BEGIN

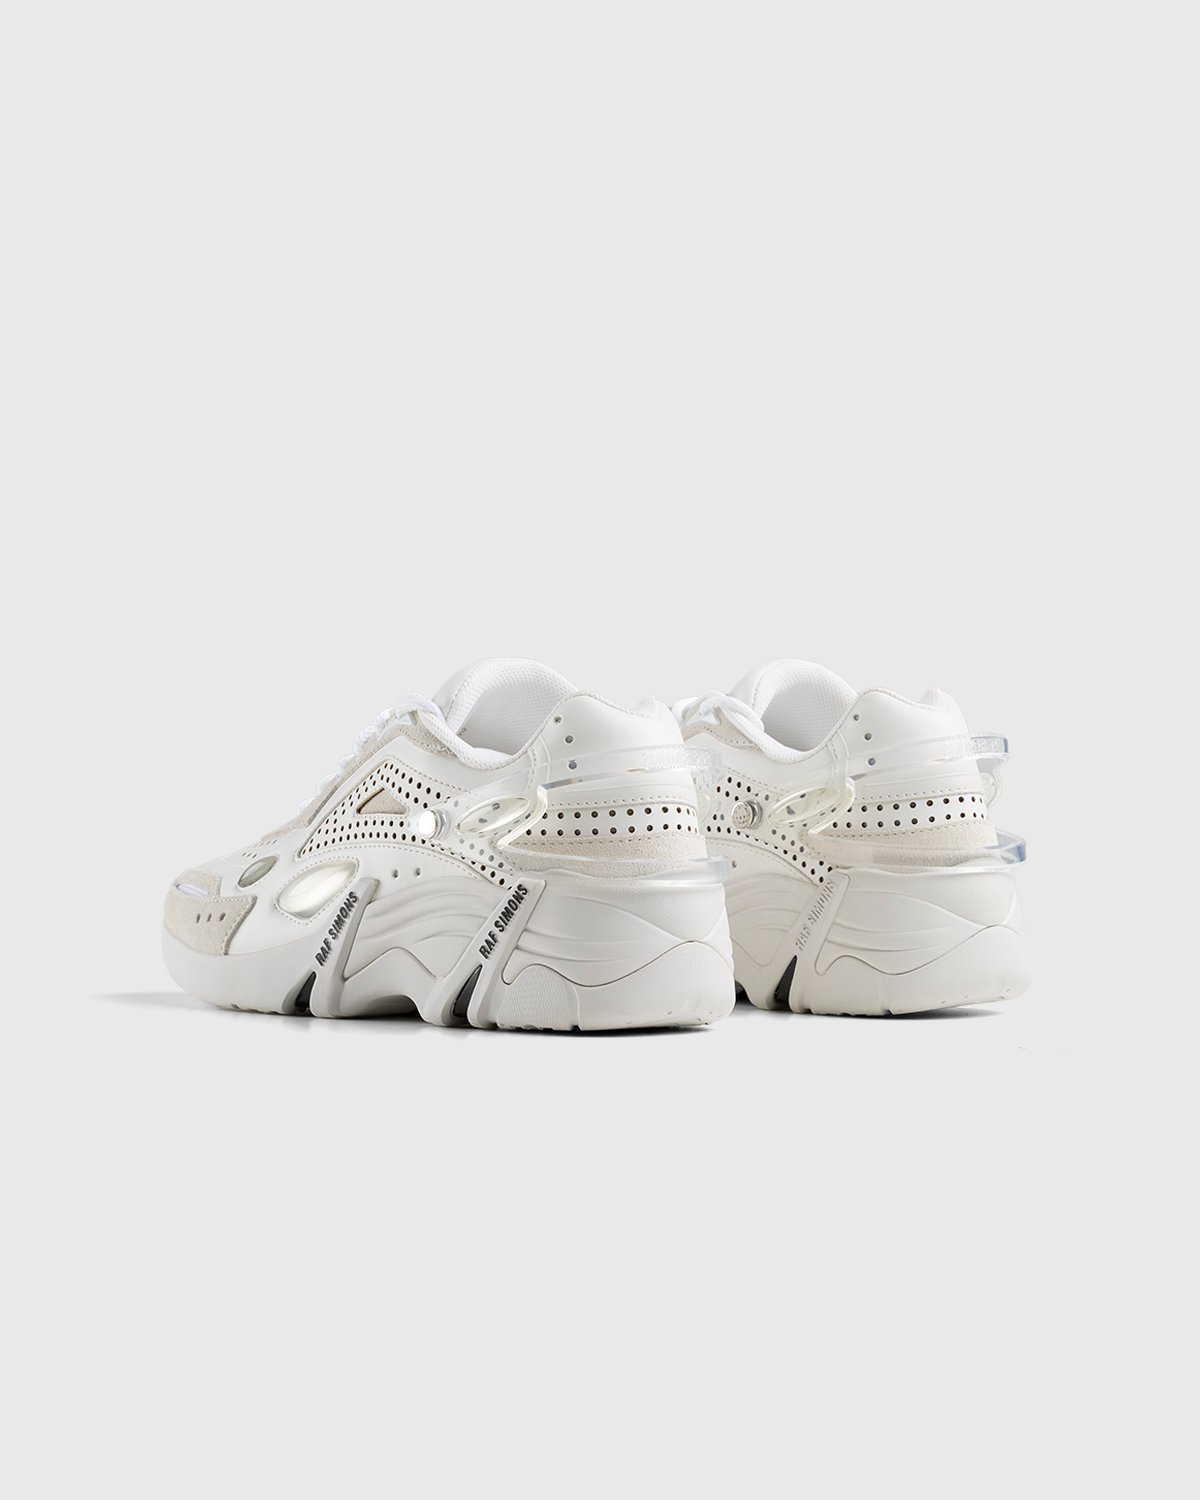 Raf Simons - Cylon 21 White - Footwear - White - Image 4
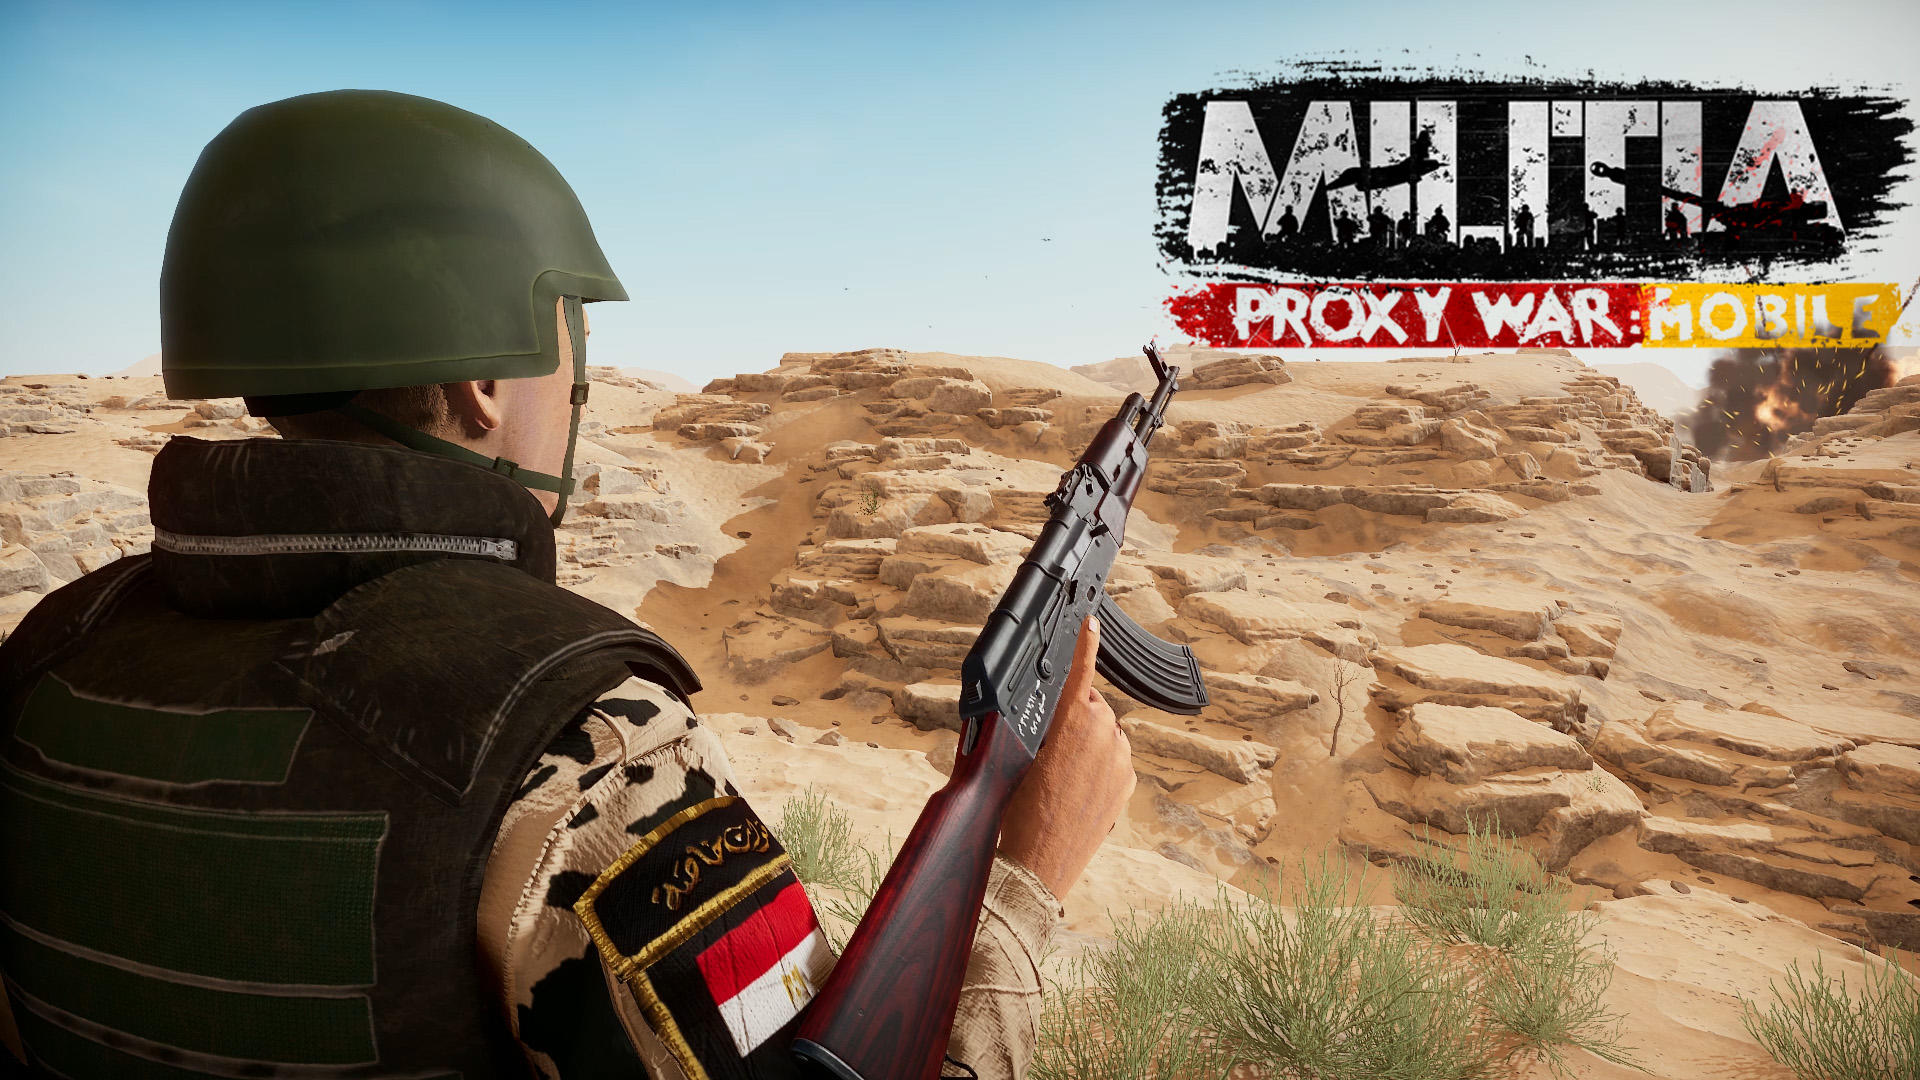 Banner of Militia Proxy War Mobile v0.02
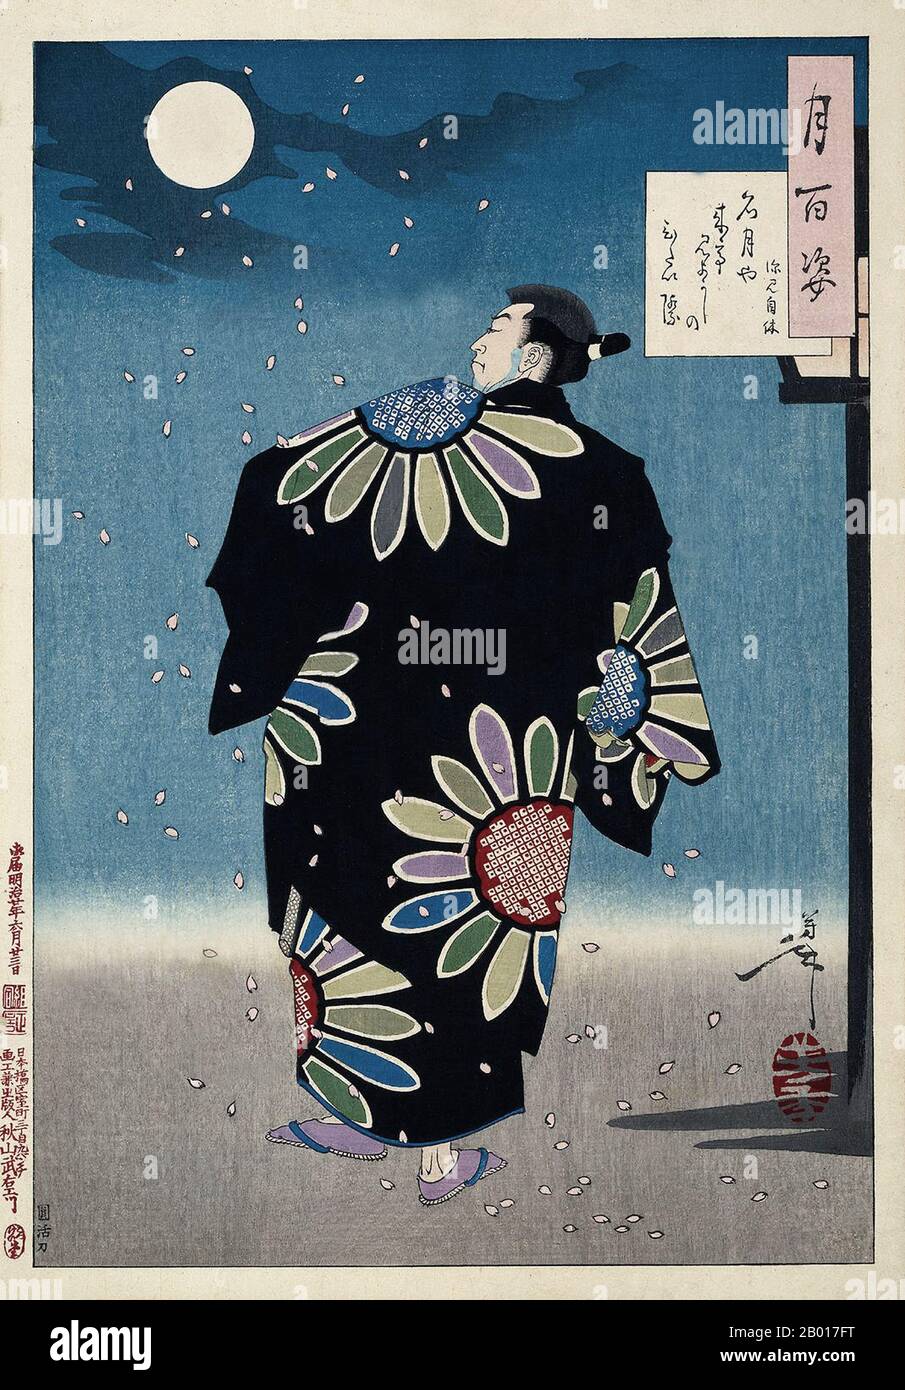 Japan: 'Fukami Jikyu'. Ukiyo-e-Holzschnitt aus der Serie 'hundert Aspekte des Mondes' von Tsukioka Yoshitoshi (30. April 1839 - 9. Juni 1892), 1887. Fukami Jikyu, ein japanischer fiktiver Held - ähnlich dem englischen Robin Hood - geht stolz in seinem eleganten Kimono, während Kirschblüten um ihn herfallen. Yoshitoshi schafft in diesem Holzschnitt nach der Edo-Zeit das Gefühl eines ruhigen Frühlingsabends.- Neben seiner Unterschrift in der Kartusche rechts oben auf dem Bild hat Yoshitoshi ein kurzes Gedicht eingefügt. Stockfoto
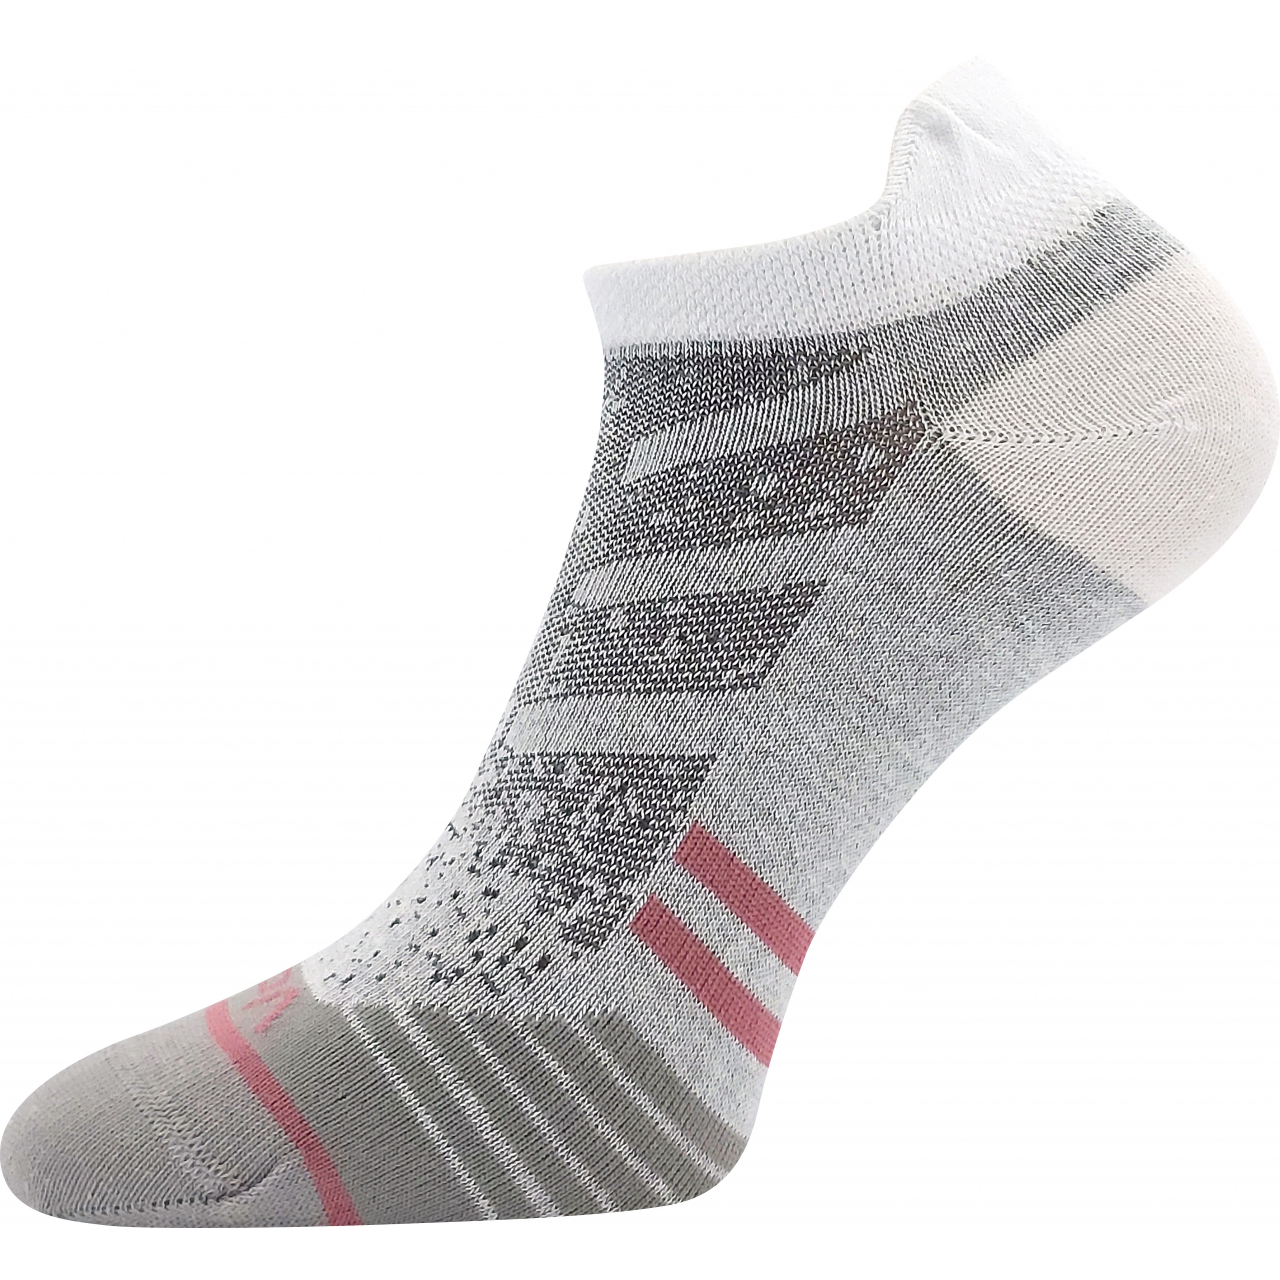 Ponožky dámské sportovní Voxx Rex 17 - bílé, 39-42

END

▸ Work instructions: Your answer should be the lines above from the one that contains "Japan: 'Fukami Jikyu'." through the last, set down exactly, with the pictures removed.

▸ Solution for this problem:
 Japan: 'Fukami Jikyu'. Ukiyo-e-Holzschnitt aus der Serie 'hundert Aspekte des Mondes' von Tsukioka Yoshitoshi (30. April 1839 - 9. Juni 1892), 1887. Fukami Jikyu, ein japanischer fiktiver Held - ähnlich dem englischen Robin Hood - geht stolz in seinem eleganten Kimono, während Kirschblüten um ihn herfallen. Yoshitoshi schafft in diesem Holzschnitt nach der Edo-Zeit das Gefühl eines ruhigen Frühlingsabends.- Neben seiner Unterschrift in der Kartusche rechts oben auf dem Bild hat Yoshitoshi ein kurzes Gedicht eingefügt. Stockfoto
 Ponožky dámské sportovní Voxx Rex 17 - bílé, 39-42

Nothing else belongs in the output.